RECORDS TO USE:
* * *

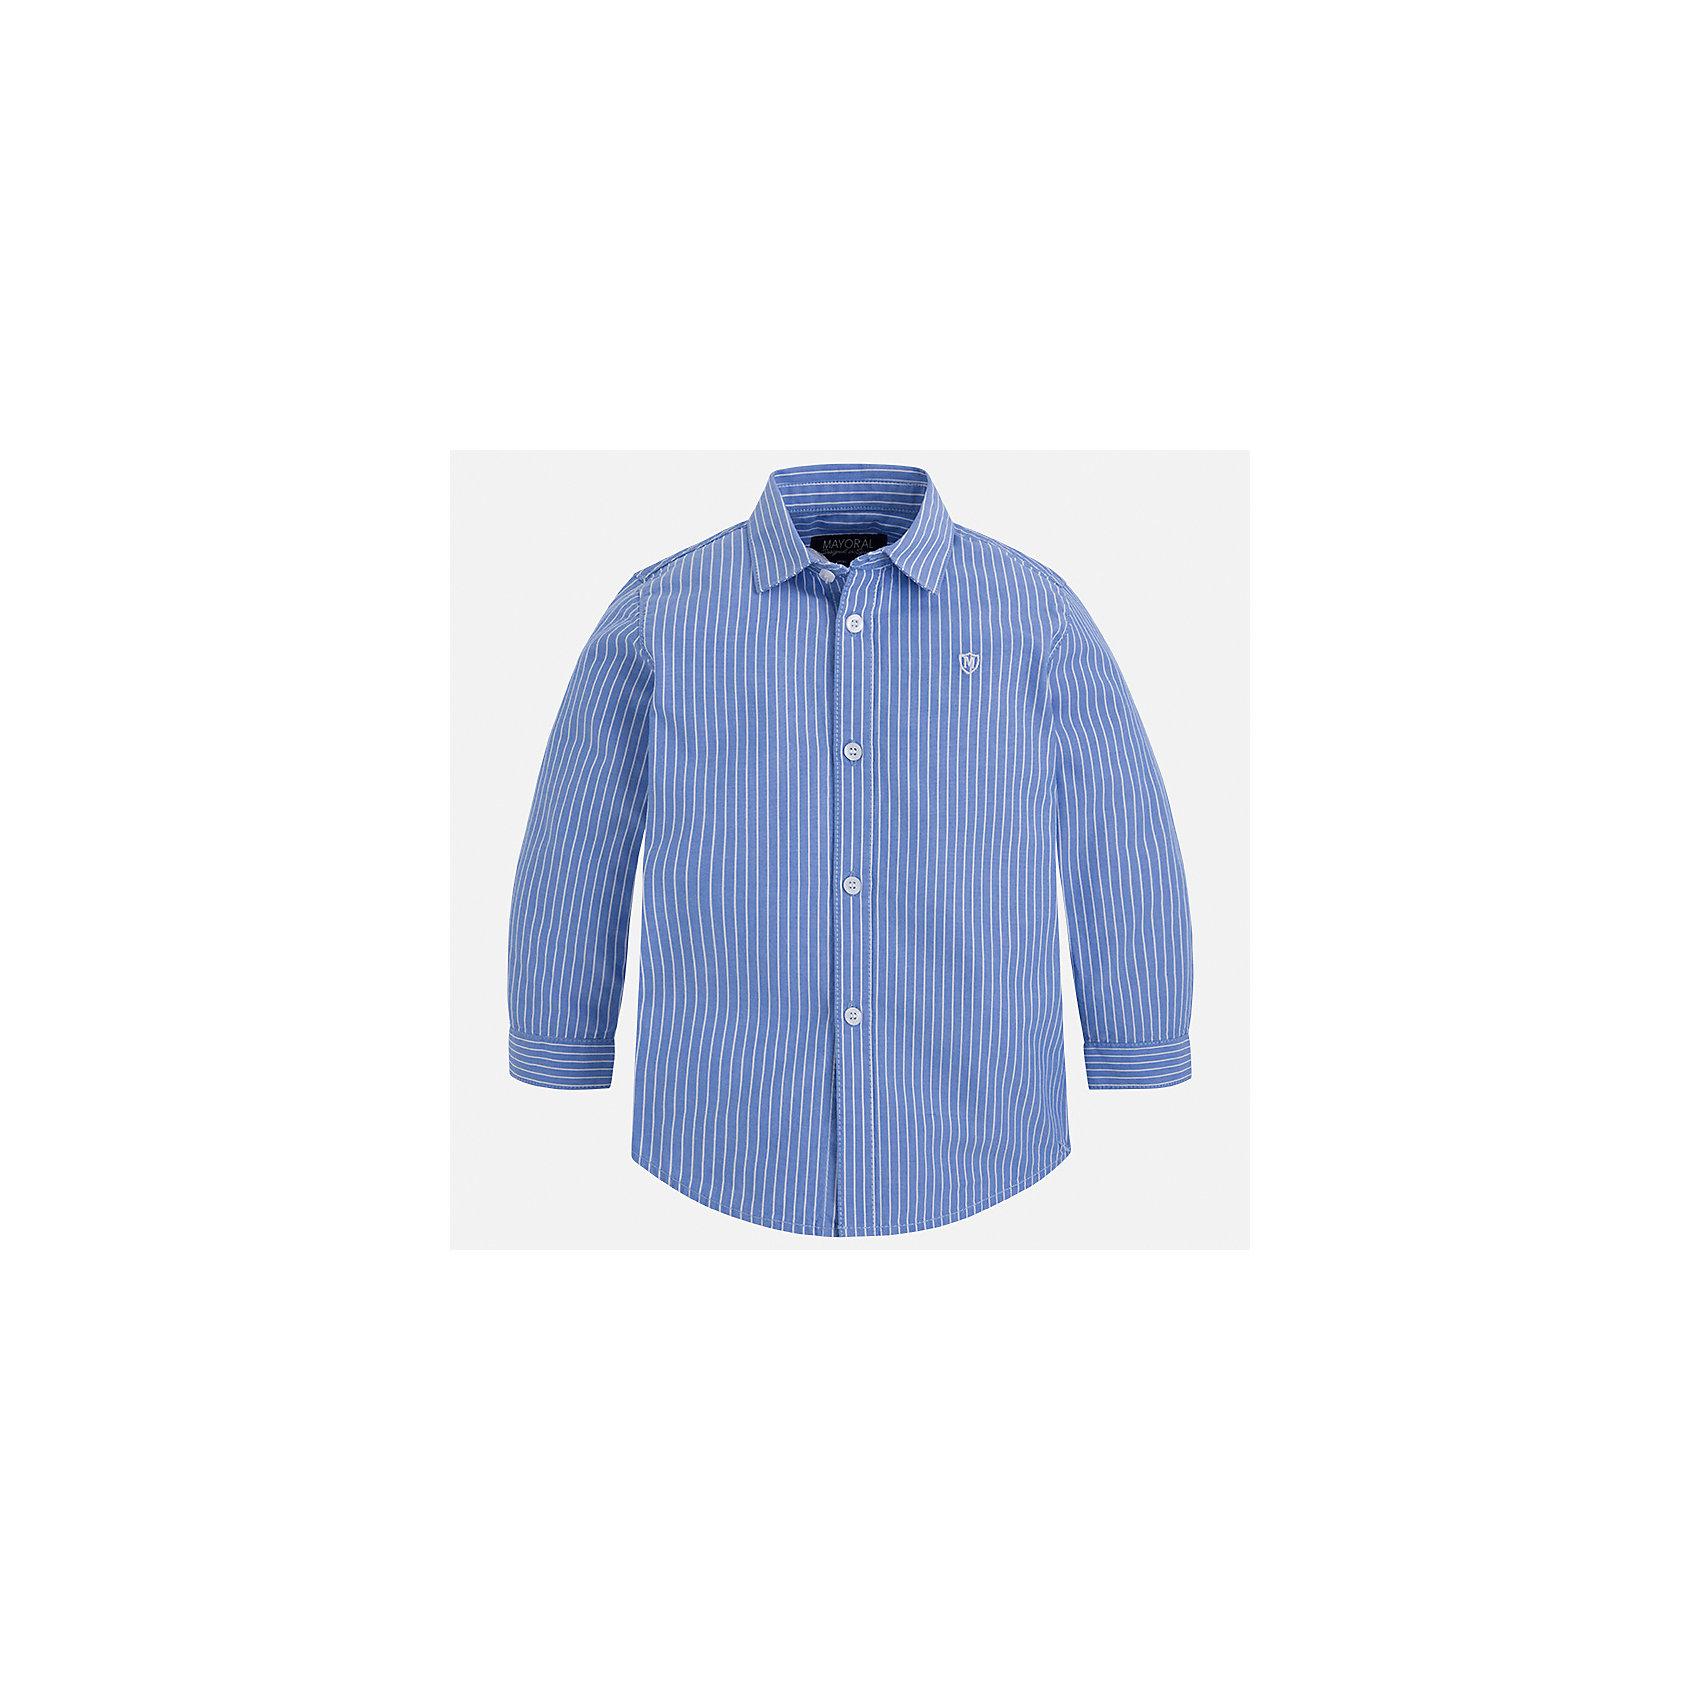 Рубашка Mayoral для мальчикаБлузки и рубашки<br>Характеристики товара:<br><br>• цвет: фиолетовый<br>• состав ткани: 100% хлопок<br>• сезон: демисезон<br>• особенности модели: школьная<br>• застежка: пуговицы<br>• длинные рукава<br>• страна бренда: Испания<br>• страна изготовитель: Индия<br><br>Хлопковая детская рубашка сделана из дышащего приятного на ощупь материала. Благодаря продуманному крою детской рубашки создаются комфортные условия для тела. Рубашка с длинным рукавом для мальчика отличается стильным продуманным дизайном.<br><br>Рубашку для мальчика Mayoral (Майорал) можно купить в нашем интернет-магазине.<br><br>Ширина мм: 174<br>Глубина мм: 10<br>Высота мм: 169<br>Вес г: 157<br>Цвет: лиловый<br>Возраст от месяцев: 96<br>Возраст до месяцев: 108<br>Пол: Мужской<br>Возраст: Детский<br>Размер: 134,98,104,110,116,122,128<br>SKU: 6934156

* * *

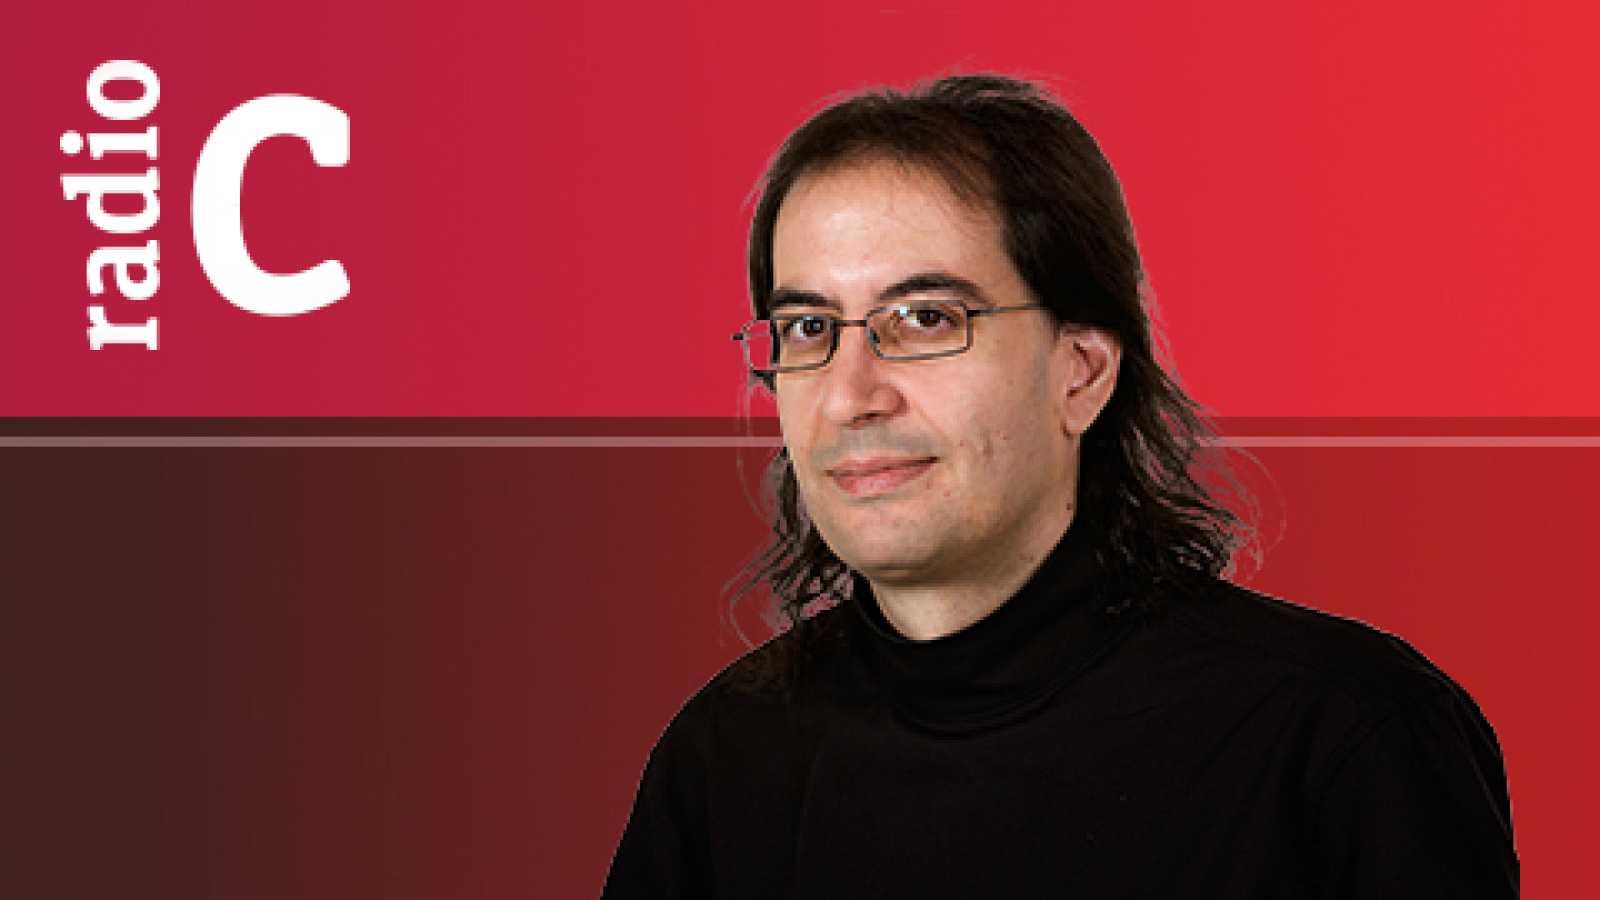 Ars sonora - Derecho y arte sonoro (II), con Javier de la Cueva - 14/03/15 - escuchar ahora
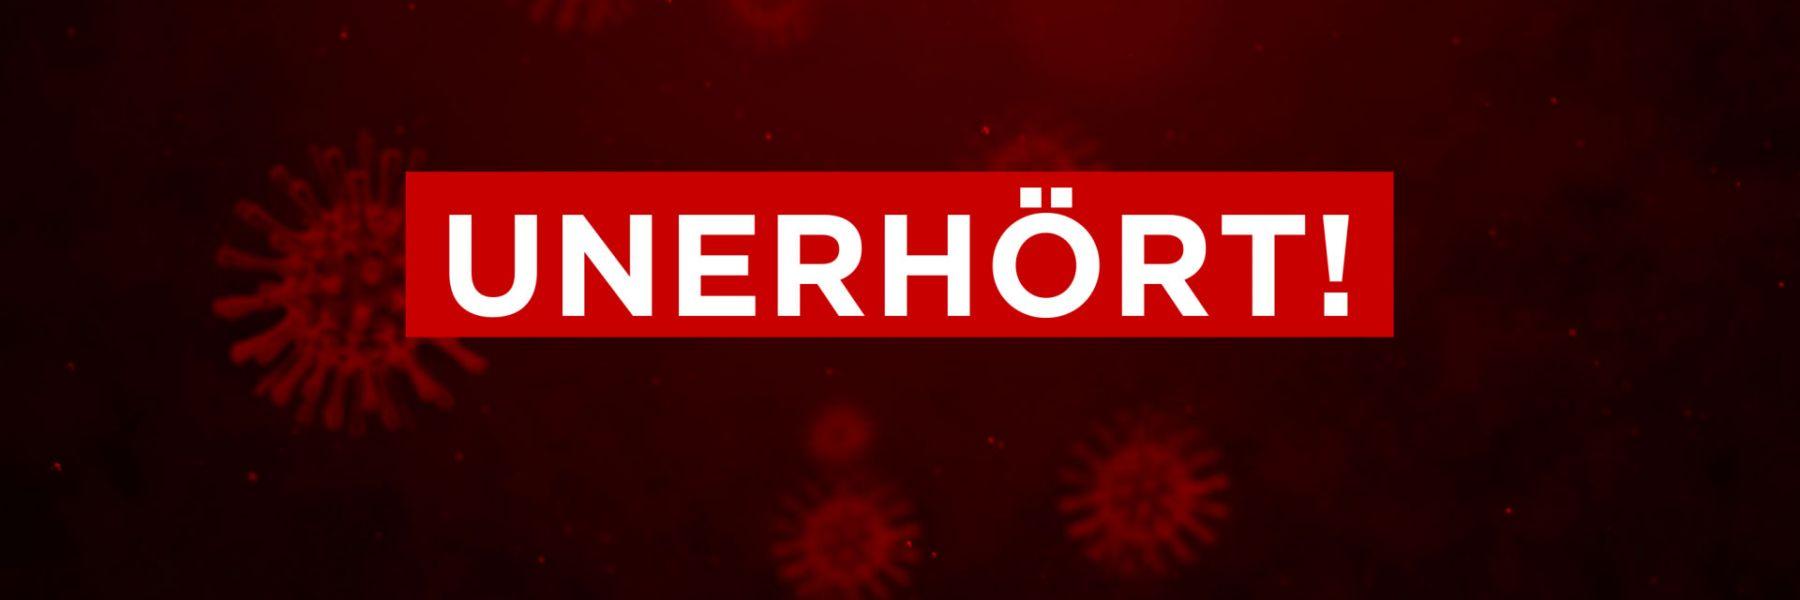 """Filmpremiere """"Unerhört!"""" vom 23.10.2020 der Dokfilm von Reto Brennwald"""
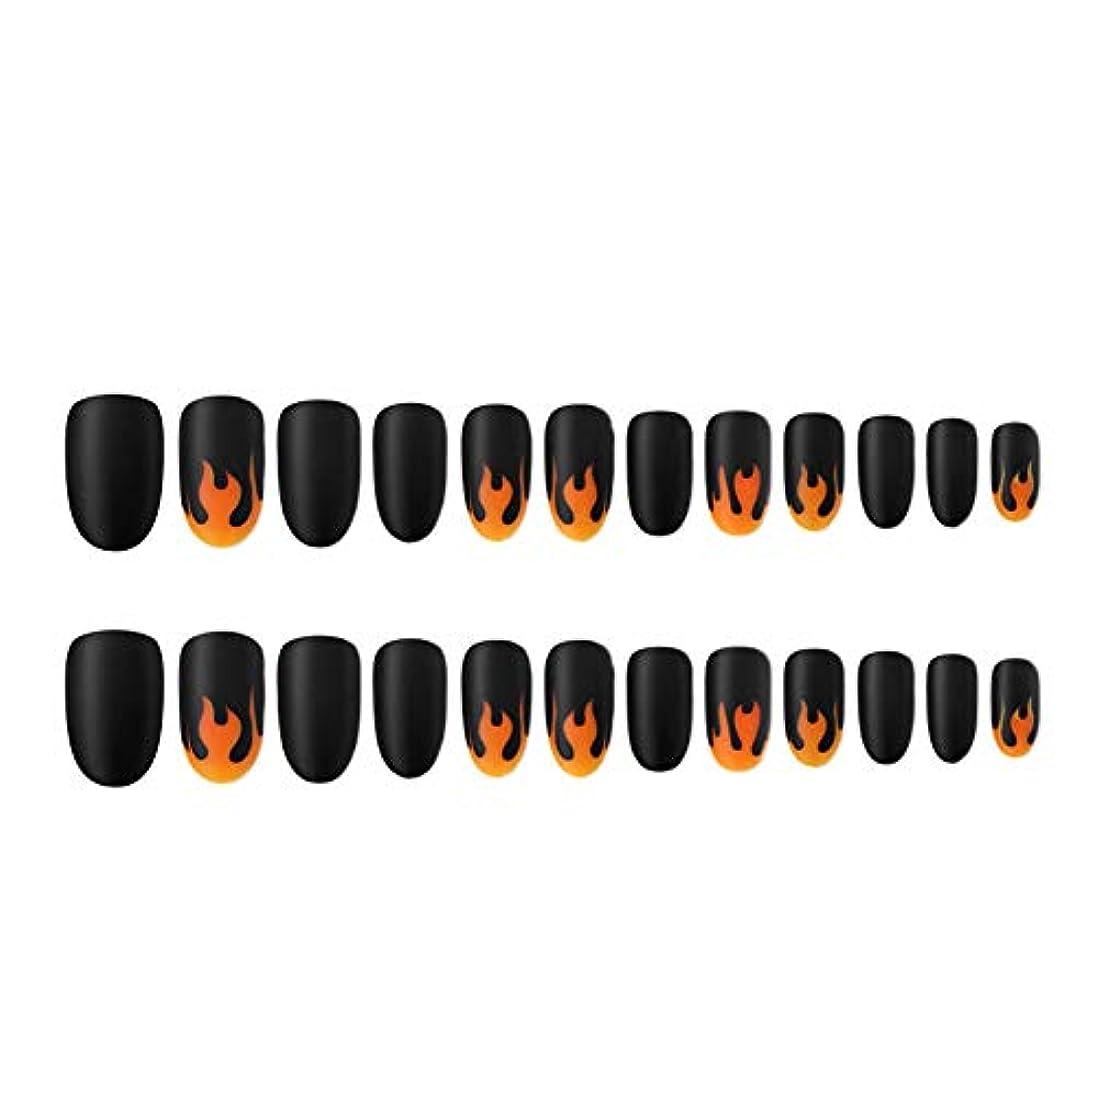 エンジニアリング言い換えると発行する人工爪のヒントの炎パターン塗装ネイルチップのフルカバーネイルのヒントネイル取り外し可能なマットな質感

* * *

ACTIVITY:
In the records above, find the line with "Ars sonora - Derecho" and the line with "エンジニアリング言い換えると", then restate word for word only those two lines and all lines between, omitting pictures.

RESPONSE BOX:
 Ars sonora - Derecho y arte sonoro (II), con Javier de la Cueva - 14/03/15 - escuchar ahora
 """Filmpremiere """"Unerhört!"""" vom 23.10.2020 der Dokfilm von Reto Brennwald"""
 エンジニアリング言い換えると発行する人工爪のヒントの炎パターン塗装ネイルチップのフルカバーネイルのヒントネイル取り外し可能なマットな質感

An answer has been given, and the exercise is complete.